Data records
- Opening Delimiter -

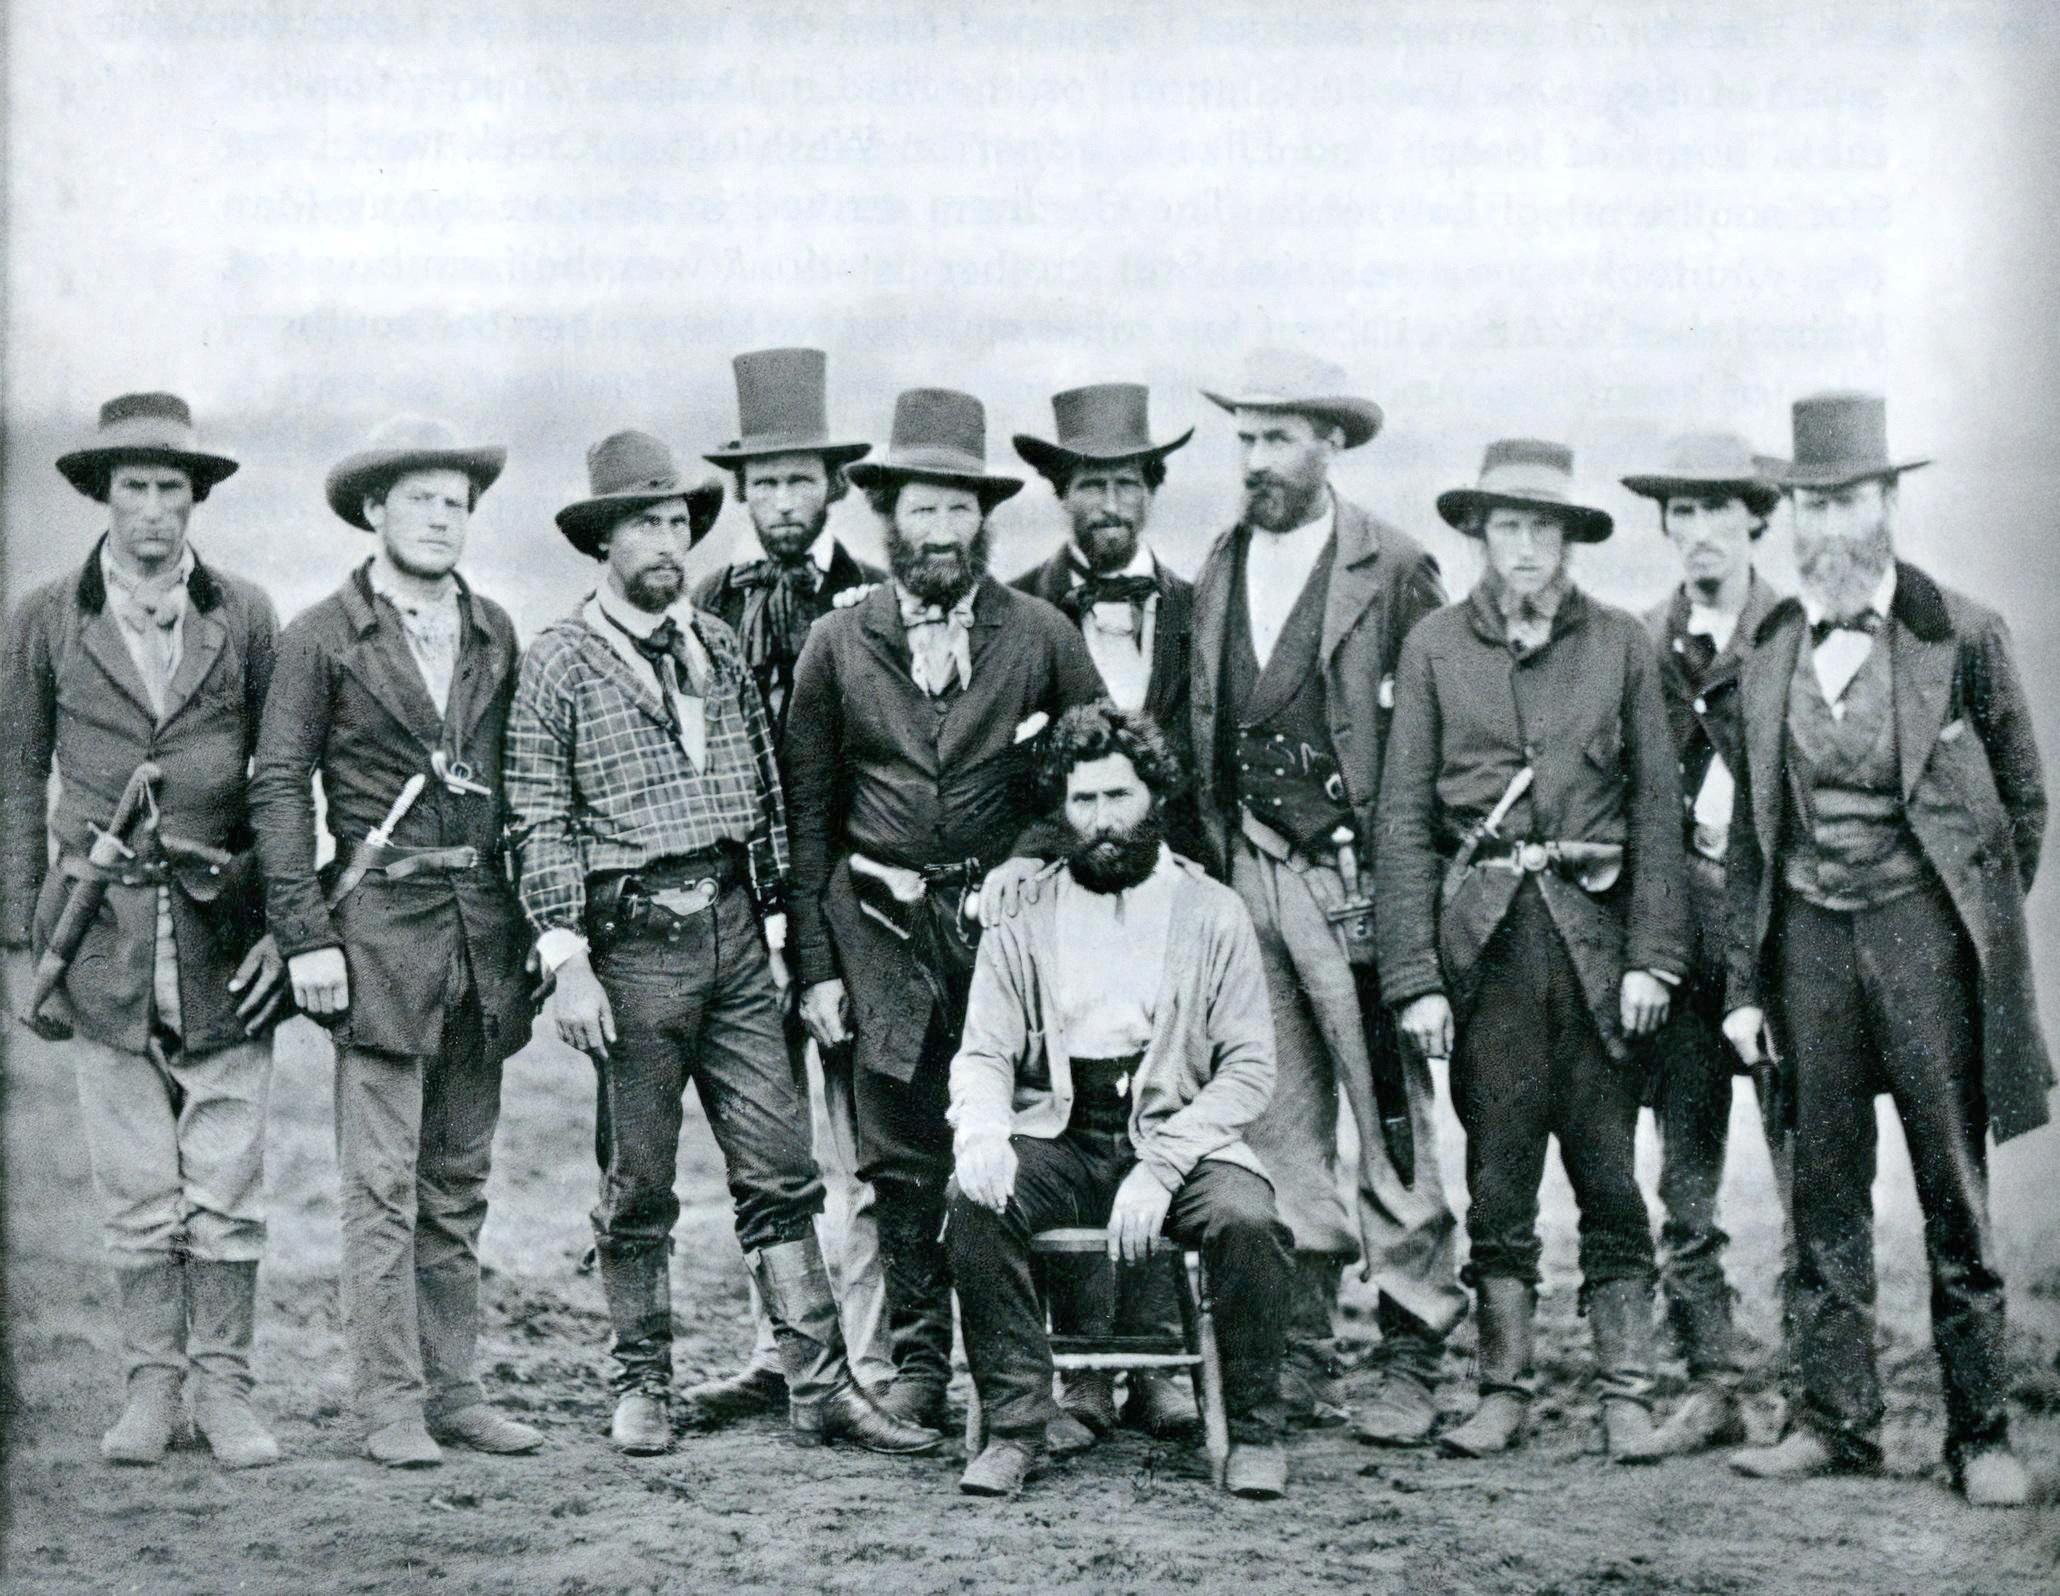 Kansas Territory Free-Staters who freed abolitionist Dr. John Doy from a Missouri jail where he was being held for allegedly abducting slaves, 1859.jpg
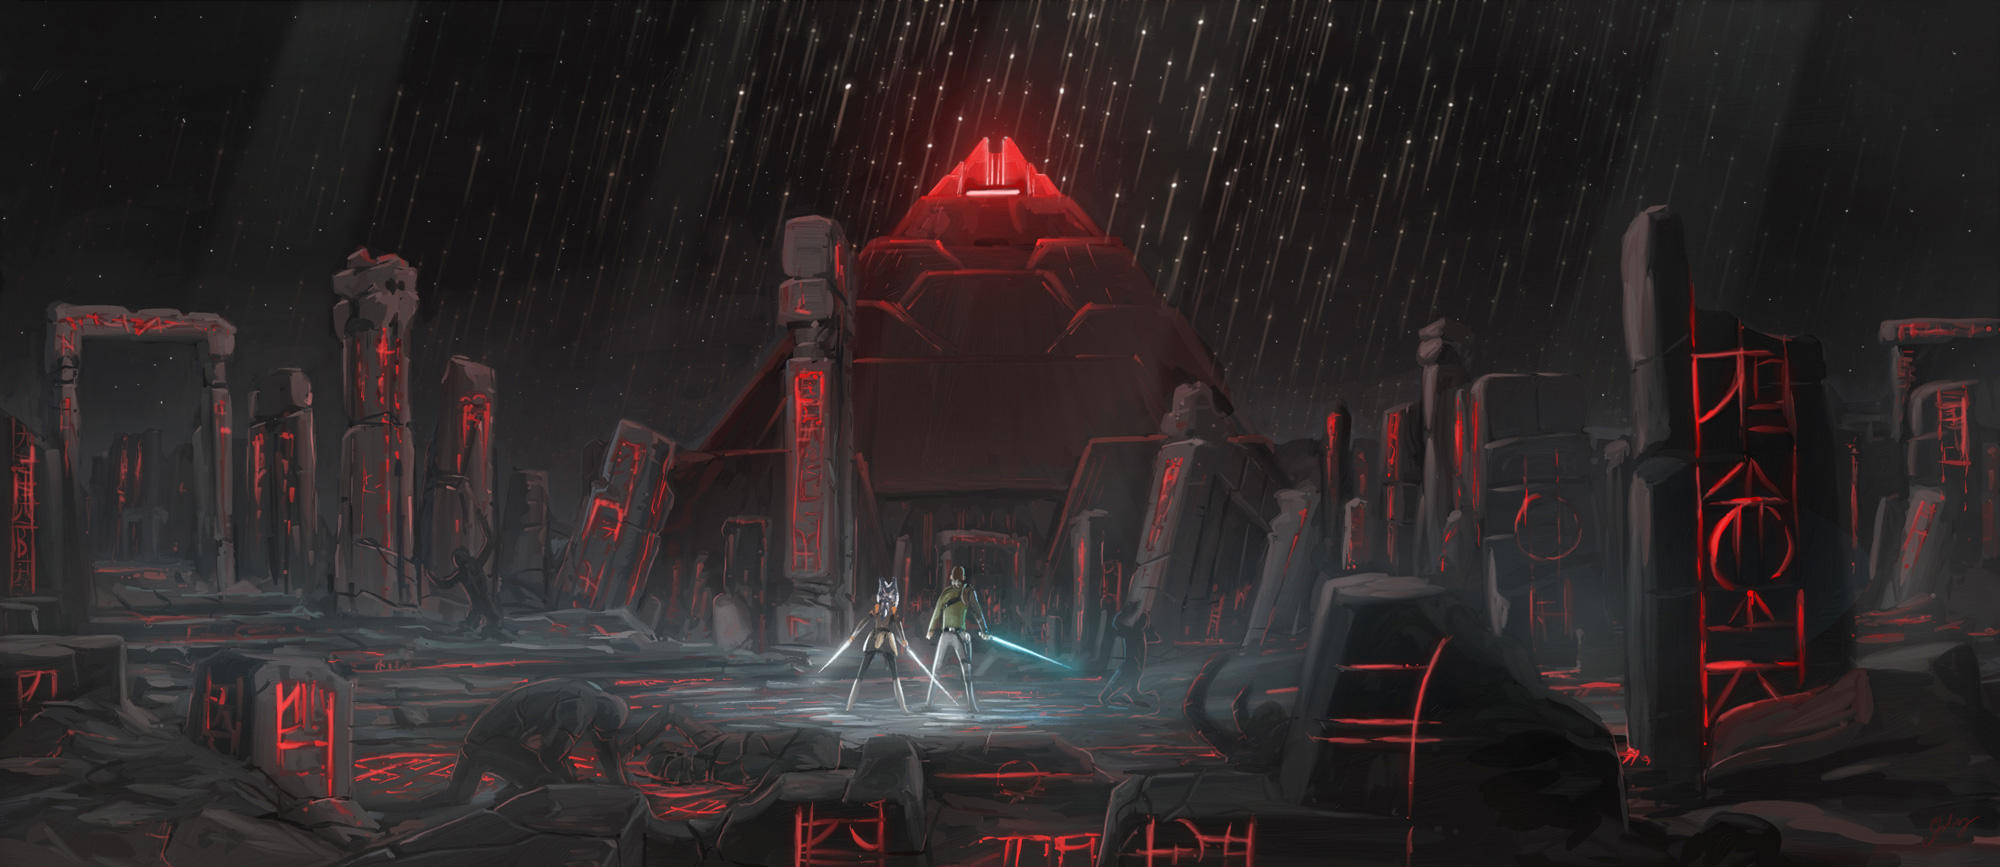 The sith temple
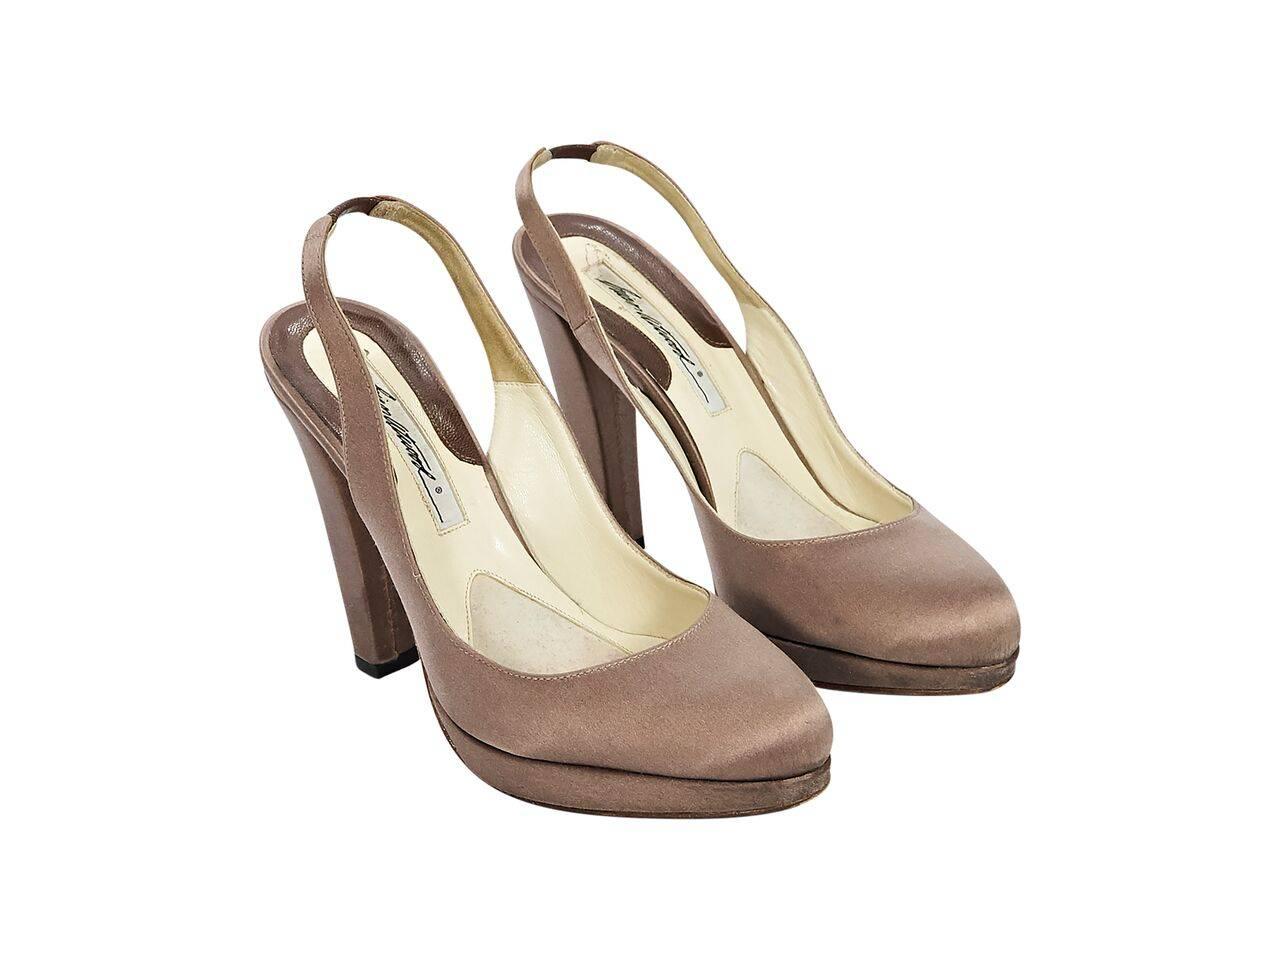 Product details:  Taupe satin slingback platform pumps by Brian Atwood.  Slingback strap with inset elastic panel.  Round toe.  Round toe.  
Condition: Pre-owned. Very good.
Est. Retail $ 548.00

- Closing Delimiter -

Task item
Since the pictures are not wanted, write out the rest of the data exactly as it reads.

Response below
 Kansas Territory Free-Staters who freed abolitionist Dr. John Doy from a Missouri jail where he was being held for allegedly abducting slaves, 1859.jpg
 The sith temple
 Product details:  Taupe satin slingback platform pumps by Brian Atwood.  Slingback strap with inset elastic panel.  Round toe.  Round toe.  
Condition: Pre-owned. Very good.
Est. Retail $ 548.00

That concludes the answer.